We’ll get to the lack of links in a minute.

The obvious thought process here is “People wouldn’t put in the wrong email!” but the reality? They do. They totally do. There’s a guy who bought a Ford, has a credit line, and a loan from a bank, and I know a whole lot about all this because he is a total idiot who keeps using the email that was my father’s. Seriously. It’s never been his email. The first owner of the domain was Dad. The second is me. The email he used has been in use, by my father, since March 2, 1995. Not joking.

Now, if you keep along with the (incorrect) thought train, you’d think “Once someone enters their email, I can add it to my mailing lists as I have their consent.” And again, sure. IF the email is actually theirs. And what’s happening is all these sites add in your email to their lists before they confirm (if they confirm at all) that it’s really your email. This means my poor Dad’s email is not just added to an account, it’s added to all their lists as well.

Let Us Unsubscribe

The other (related) issue is there’s no unsubscribe link.

Look, I get it. There are emails that are not unsubscribeable for as long as you have an active account. There are legal reasons why you have to be mailed some things. However all those emails must have a way you can actually close/remove your account. A link would be great, but even an explanation “Hey, we cannot unsubscribe you unless you close your account, here’s how to do that.” would be better than the message from a certain ISP who told me I had to log in to the account… but were unable to provide me with the login info.

In the case of two separate companies, if you do have to legally send out emails to people because they have an active account, you should be including some information like ‘Your account name is X’ or even ‘Your account number is X’ so that we can have a place to start. Instead, I have a bunch of emails that all say they can’t unsubscribe me while I have an active account, please log in …

And what do you think happens when I go to log in? Of course ‘There is no account with this email…’

Which brings me to…

Let Us Recover Accounts

It needs to be ‘easier’ to recover account. Especially if someone’s dead.

Now, I’m not talking about Facebook’s idiocy on locking people out and requiring them to have someone else verify them, only to send another email that bounces and you can never log in. Although that was certainly fun to do with my Dad’s stuff.

Take a hard look around. People are dying by the thousands per day, and those are not ‘expected’ deaths by any means. This means the number of humans who were unprepared and unorganized are stuck trying to find things like account numbers, and have no clue where to start. If we’re lucky, we can get into their email and change the passwords so we can keep it but…

This is not actually very easy! The only reason I had Dad’s email was because I was his email admin. If I wasn’t, I’d have to have logged in while I was still in Japan, from his laptop, and then hoped beyond reason that I was able to change the passwords without knowing the current one.

Think about that for a second.

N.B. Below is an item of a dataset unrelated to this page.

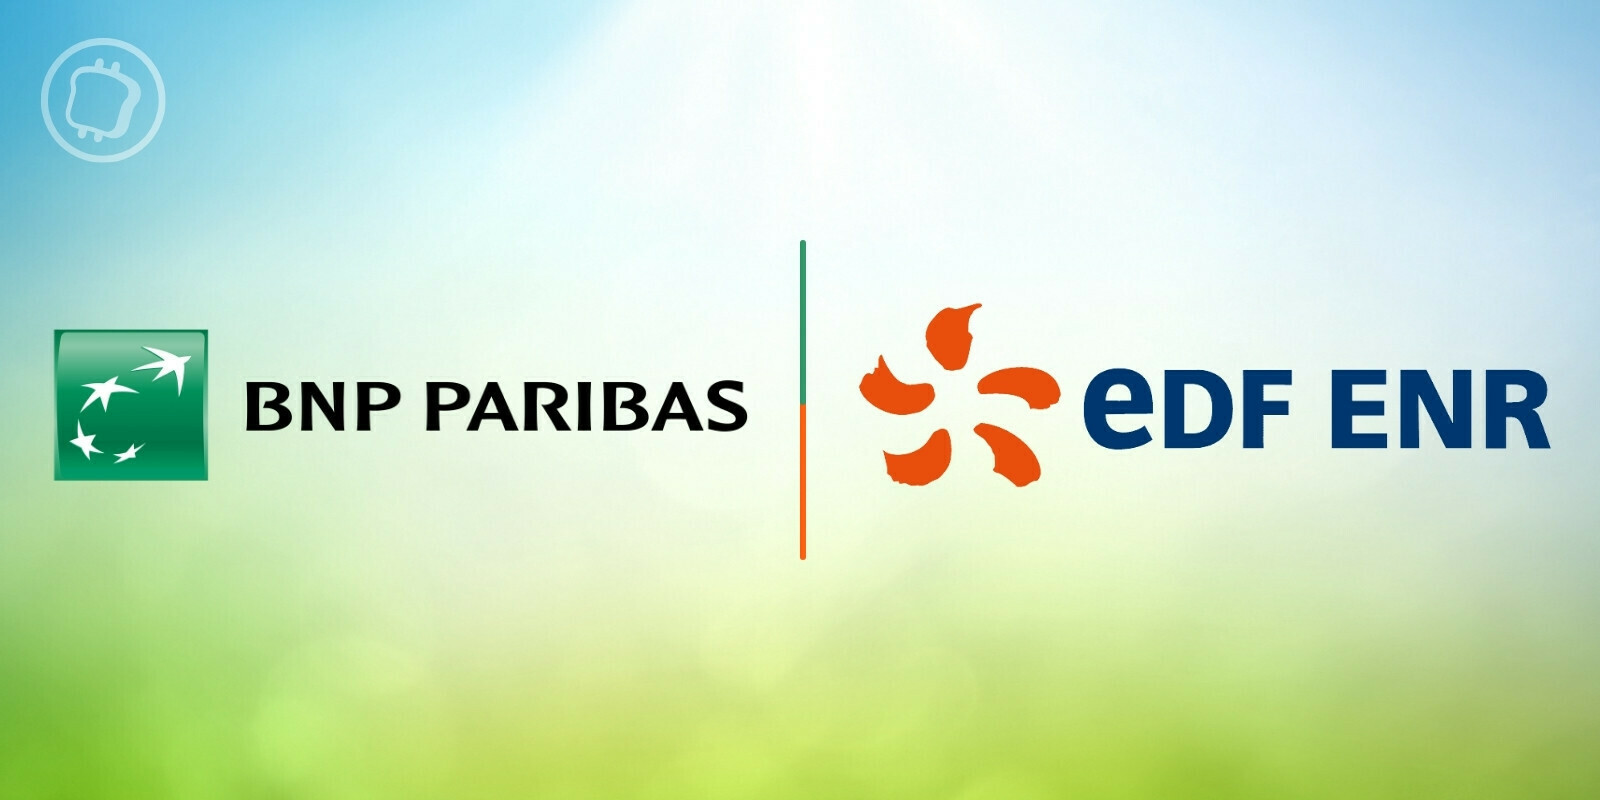 BNP Paribas s'associe à EDF ENR pour tokeniser une obligation afin de financer un projet d'énergie durable

My father lived in Japan, had a Japanese number. He’s dead, the phone number was closed, and I can’t get it back as I’m not a Japanese resident. Which means the methods to recover are … email. But that isn’t enough for some companies.

My ‘favourite’ is someone telling me that there was no way to know what account used my Dad’s email. Yeah, they had no way to connect an email to any account, and required me to provide a local phone number to call me about it. I blocked their emails because I literally have no other solution. They can’t tell me what email uses the address I own, and they can’t help me except by a local-to-them phone call.

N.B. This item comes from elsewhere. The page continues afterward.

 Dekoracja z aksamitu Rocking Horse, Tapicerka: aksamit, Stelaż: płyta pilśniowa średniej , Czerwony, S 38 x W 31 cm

Summary? Let People Own Their Data

Okay, here’s your summary:
1. Require email confirmation in all cases where an account is being made. No verification? No account.
2. Allow people to correct the emails if they can’t verify. If someone put in stevejobs@appl.com and forgot that E, they should be able to fix this.
3. Allow people to unsubscribe from all emails with an easy to find method. A link, some explanations, whatever. Make it obvious.
4. If people cannot legally unsubscribe while having an account, then you need to make it possible to cancel accounts when a user DO NOT KNOW the account name. If you’ve verified emails, yo, magic. “I forgot my account name…” — And again, this needs to be easy to find information.
5. If someone sends you a damn death certificate, you should honour it.
This is not going to fix everything, but it would certainly make us hate a couple companies a lot less.
27 January, 2021
Algolia: Search Faster
Note: While this post is about using Algolia, the irony is that shortly after I posted it, I removed Algolia. The reason being, InstantSearch counts as a separate search per letter used — that means I was about to skyrocket over my allowance and hit the thousands-a-month. I feel their pricing was quite unclear about this. But hey, now you know!

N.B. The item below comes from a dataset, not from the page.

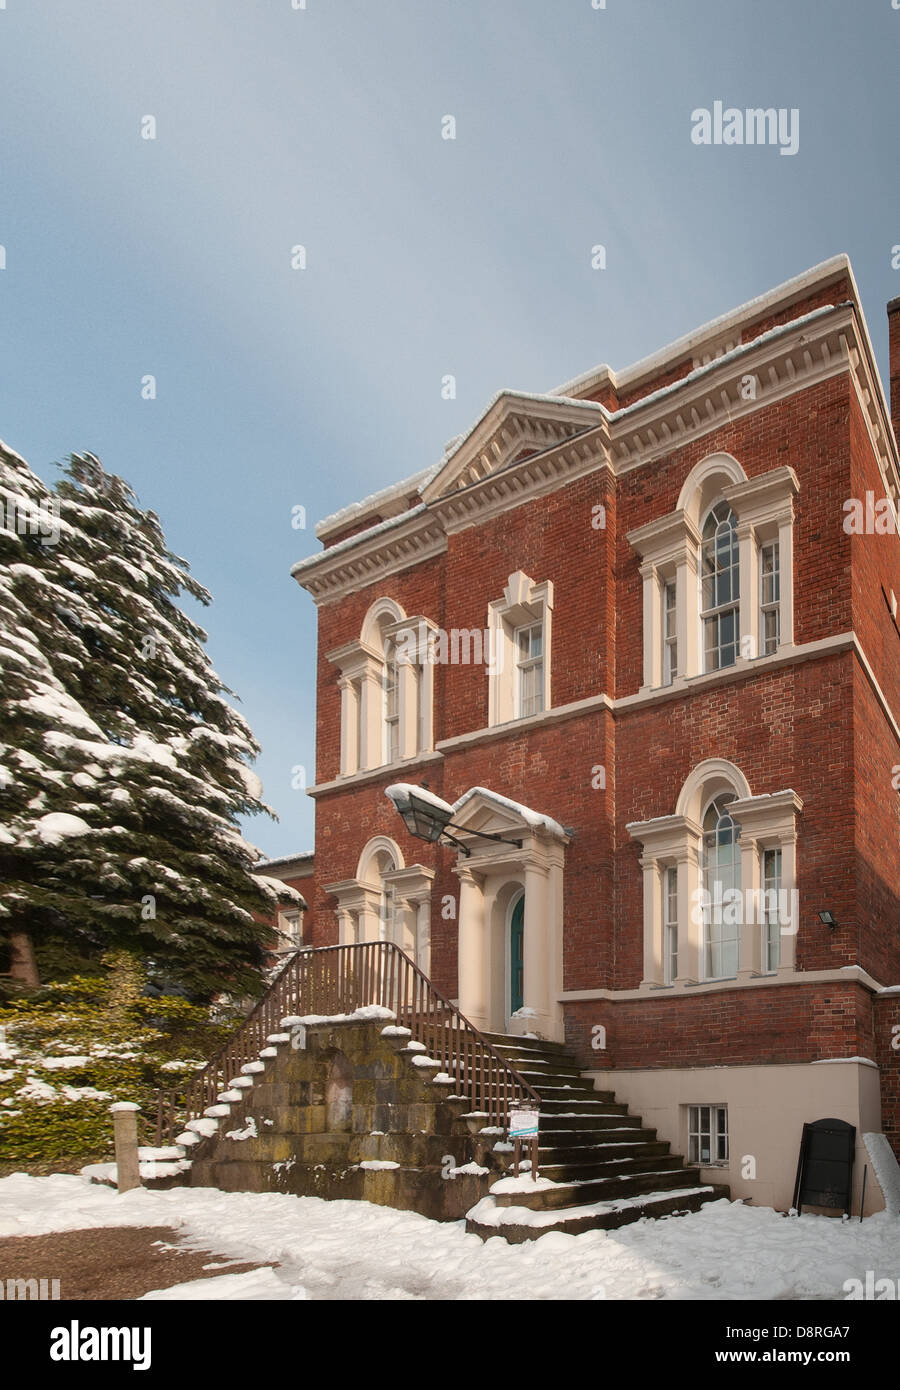 Erasmus Darwins Haus am Beacon Street Lichfield Staffordshire England im Winter mit Schnee auf dem Boden Stockfoto

My friends, it’s been a while. And if you follow my rants on Twitter (this is not a suggestion you should). you saw I faced off with ElasticSearch, my nemesis.

Moons ago, I attempted to use it to make a site I run faster by using ElasticSearch. At the time, I struggled with search ranking and all those things. Then it broke with Jetpack and made my server core-dump. So in 2016 I tossed it in the can and walked away. After all, I didn’t need it. WP’s search was sufficient.

Fastforward 4 years and with around 12k posts to search, guess what isn’t so okay anymore?

What’s Wrong With WordPress Search?

Nothing.

When you search on WordPress, it uses SQL queries to check in and find all instances of ‘a thing’ (whatever it is you searched for). So logically if you have a lot of posts (or a lot of content, be that in the form of a few huge posts or a high number of smaller ones), you’re going to experience slower searches.

Also WordPress’ search isn’t customizable. You can’t tell it “Don’t search page X” or even “Prioritize post titles over content.” This leads to some odd results.

But realistically neither of those issues are ‘wrong.’ Those are broad choices made to support 80% of WordPress users.

This means your question of “What’s wrong with search?” is really “Are there specific cases wherein the default search won’t be the best choice for me?” And those two issues? They’re why. If your site is large (or getting there) and if you need to ‘weigh’ search results to prioritize A over B, then this post is for you.

Solving The Right Problem

While the first thing you always look at is “What do I need to solve?” by the time you get around to ranting about how WP search sucks, you kind of know where to start. That is, either search is too slow or you need to customize it. Or both.

If you need to customize your search results, I recommend you look at plugins like Relevanssi, which does a great job of handling that. However there are two critical flaws for most (if not all) self-hosted plugin solutions. They’re going to make your database big. And let’s be clear here, a bigger DB is not going to help your speed issues. It becomes harder to back-up and more fragile. Relevanssi is refreshingly honest about this, warning you that your DB will triple in size, but also making sure you know that over 50k posts won’t work.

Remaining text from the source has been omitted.